The mother's wasted face reddened for a moment, then turned pale
again, as she held out her hand to me. I looked at her anxiously,
and discerned the welcome signs of recovery, clearly revealed.
Her grand gray eyes rested on me again with a glimmer of their
old light. The hand that had lain so cold in mine on the past
night had life and warmth in it now.
"Should I have died before the morning if you had not come here?"
she asked, softly. "Have you saved my life for the second time? I
can well believe it."
Before I was aware of her, she bent her head over my hand, and
touched it tenderly with her lips. "I am not an ungrateful
woman," she murmured--"and yet I don't know how to thank you."
The child looked up quickly from her cake. "Why don't you kiss
him?" the quaint little creature asked, with a broad stare of
astonishment.
Her head sunk on her breast. She sighed bitterly.
"No more of Me!" she said, suddenly recovering her composure, and
suddenly forcing herself to look at me again. "Tell me what happy
chance brought you here last night?"
"The same chance," I answered, "which took me to Saint Anthony's
Well."
She raised herself eagerly in the chair.
"You have seen me again--as you saw me in the summer-house by the
waterfall!" she exclaimed. "Was it in Scotland once more?"
"No. Further away than Scotland--as far away as Shetland."
"Tell me about it! Pray, pray tell me about it!"
I related what had happened as exactly as I could, consistently
with maintaining the strictest reserve on one point. Concealing
from her the very existence of Miss Dunross, I left her to
suppose that the master of the house was the one person whom I
had found to receive me during my sojourn under Mr. Dunross's
roof.
"That is strange!" she exclaimed, after she had heard me
attentively to the end.
"What is strange?" I asked.
She hesitated, searching my face earnestly with her large grave
eyes.
"I hardly like speaking of it," she said. "And yet I ought to
have no concealments in such a matter from you. I understand
everything that you have told me--with one exception. It seems
strange to me that you should only have had one old man for your
companion while you were at the house in Shetland."
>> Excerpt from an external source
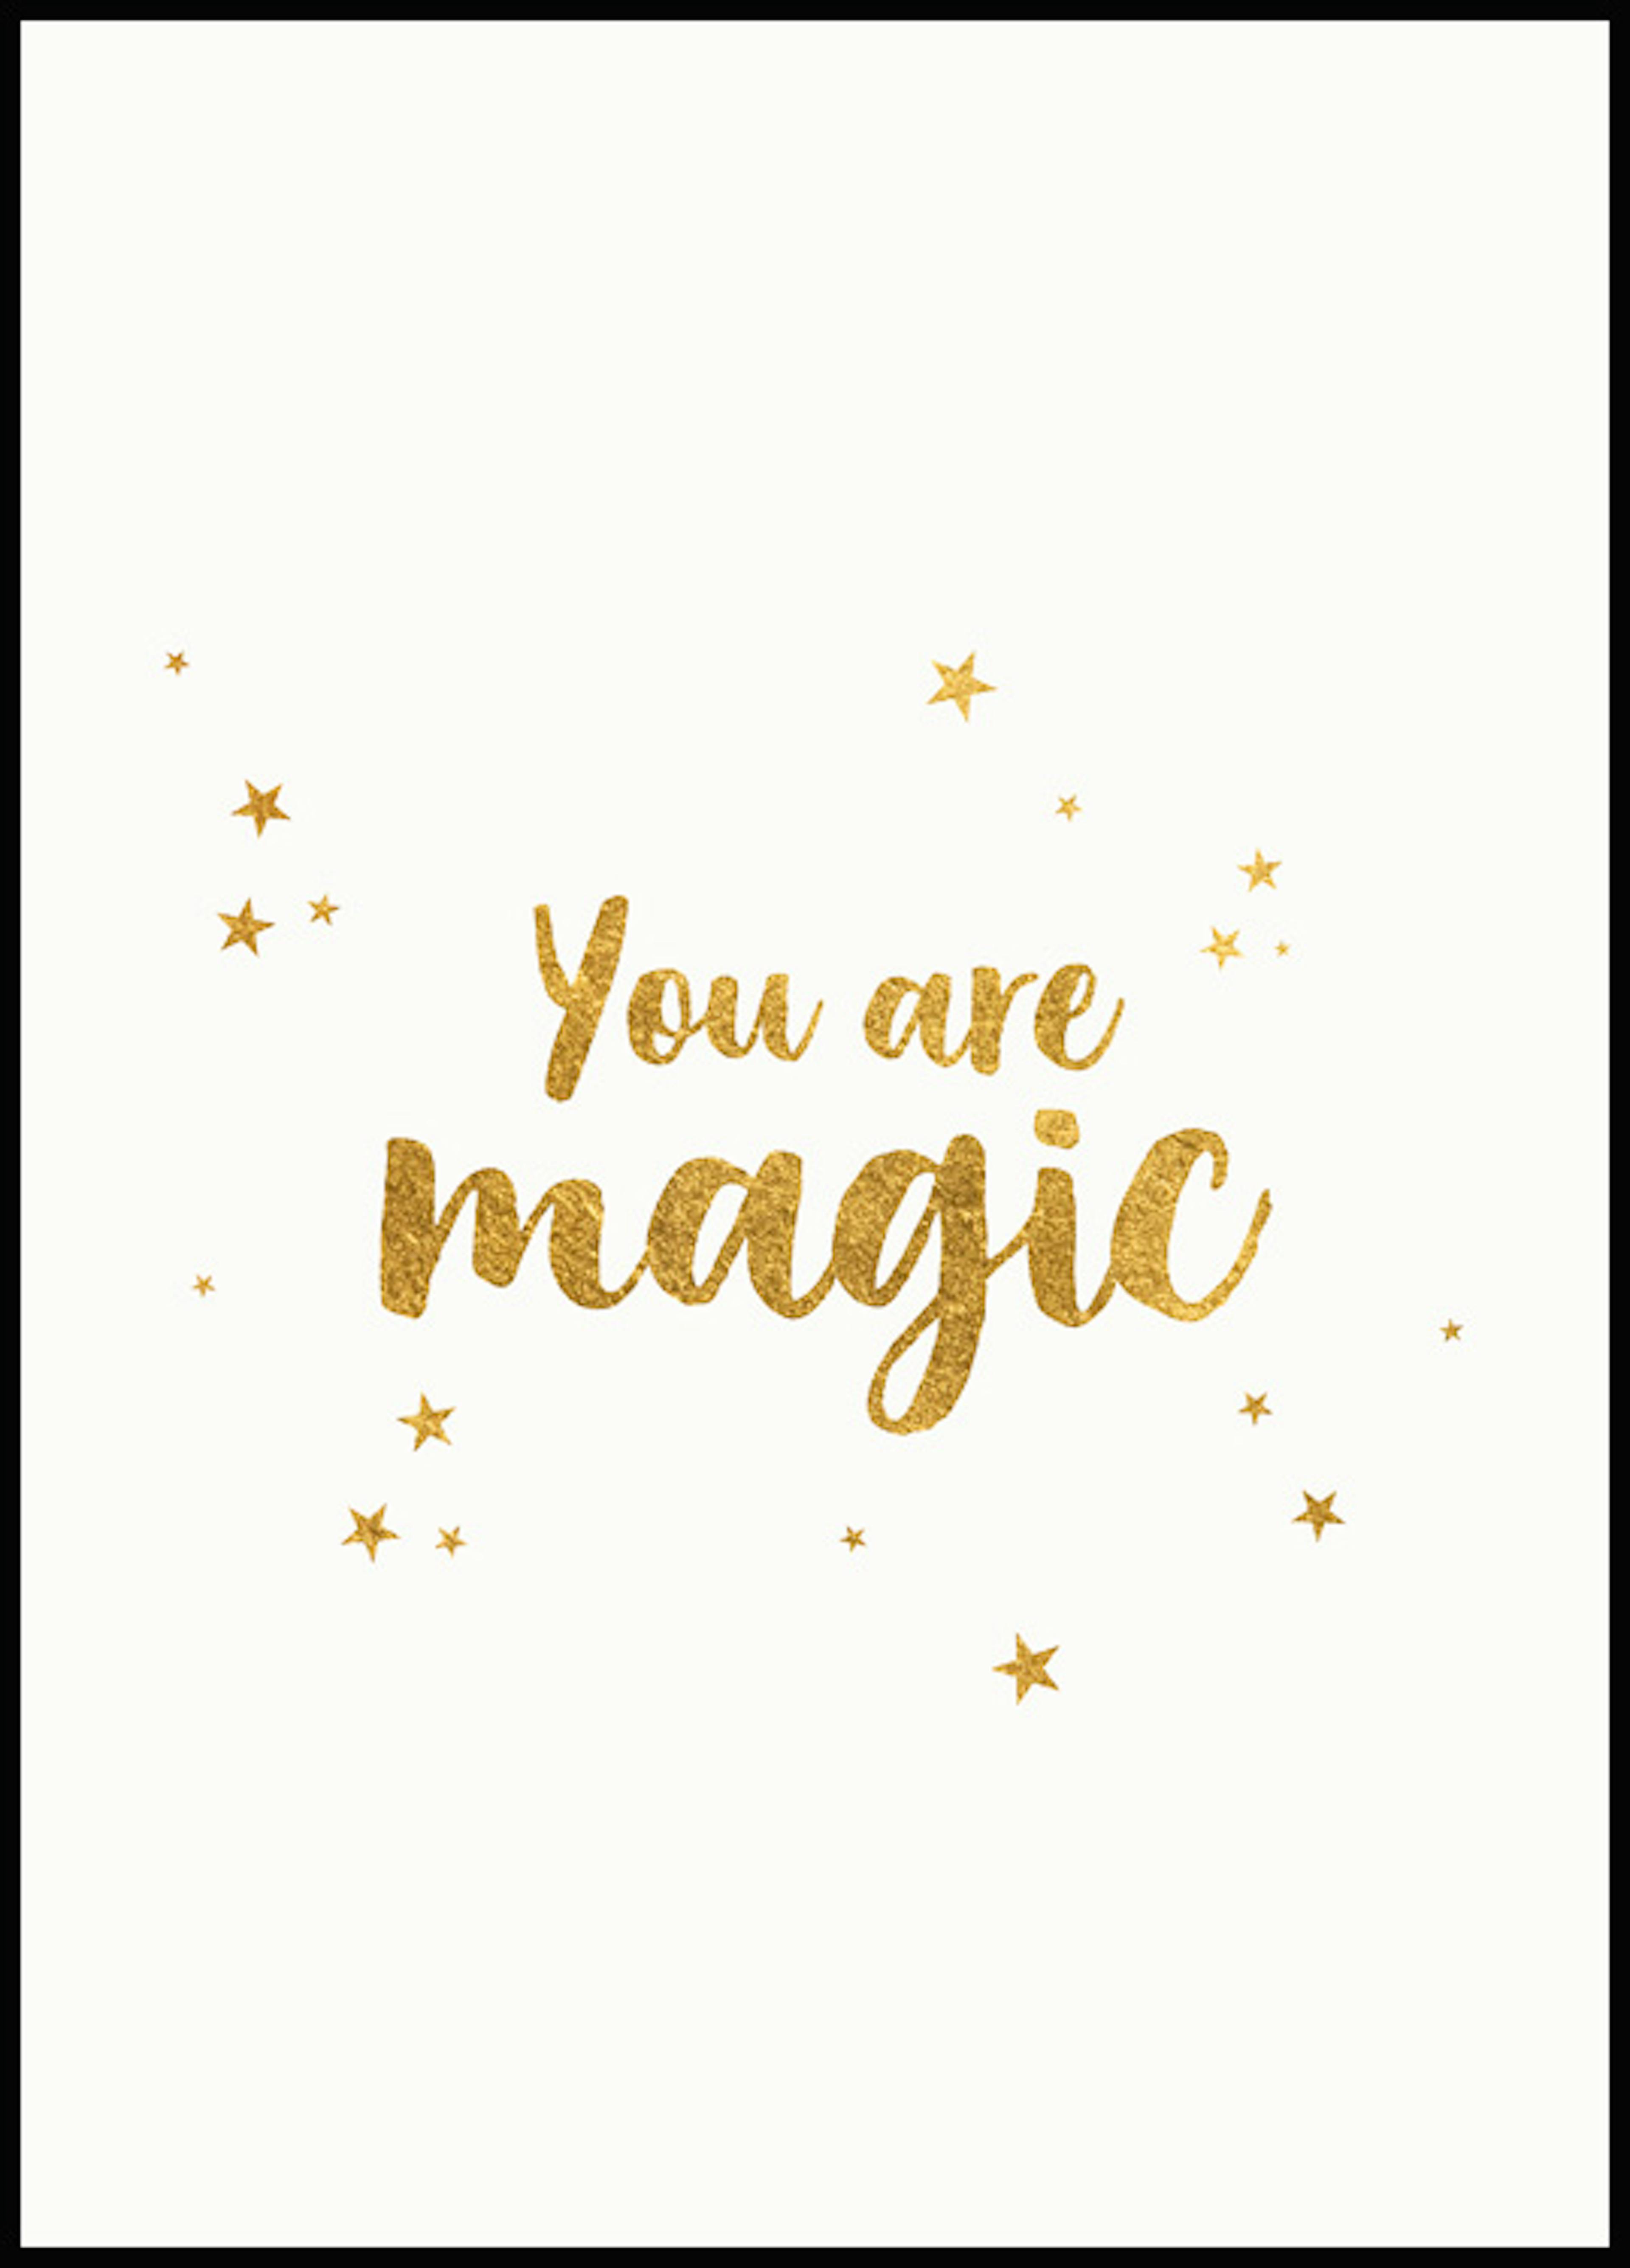 You are Magic 포스터 0

"What other companion did you expect to hear of?" I inquired.
"I expected," she answered, "to hear of a lady in the house."
I cannot positively say that the reply took me by surprise: it
forced me to reflect before I spoke again. I knew, by my past
experience, that she must have seen me, in my absence from her,
while I was spiritually present to her mind in a trance or dream.
Had she also seen the daily companion of my life in
Shetland--Miss Dunross?
I put the question in a form which left me free to decide whether
I should take her unreservedly into my confidence or not.
"Am I right," I began, "in supposing that you dreamed of me in
Shetland, as you once before dreamed of me while I was at my
house in Perthshire?"
"Yes," she answered. "It was at the close of evening, this time.
I fell asleep, or became insensible--I cannot say which. And I
saw you again, in a vision or a dream."
"Where did you see me?"
"I first saw you on the bridge over the Scotch river--just as I
met you on the evening when you saved my life. After a while the
stream and the landscape about it faded, and you faded with them,
into darkness. I waited a little, and the darkness melted away
slowly. I stood, as it seemed to me, in a circle of starry
lights; fronting a window, with a lake behind me, and before me a
darkened room. And I looked into the room, and the starry light
showed you to me again."
"When did this happen? Do you remember the date?"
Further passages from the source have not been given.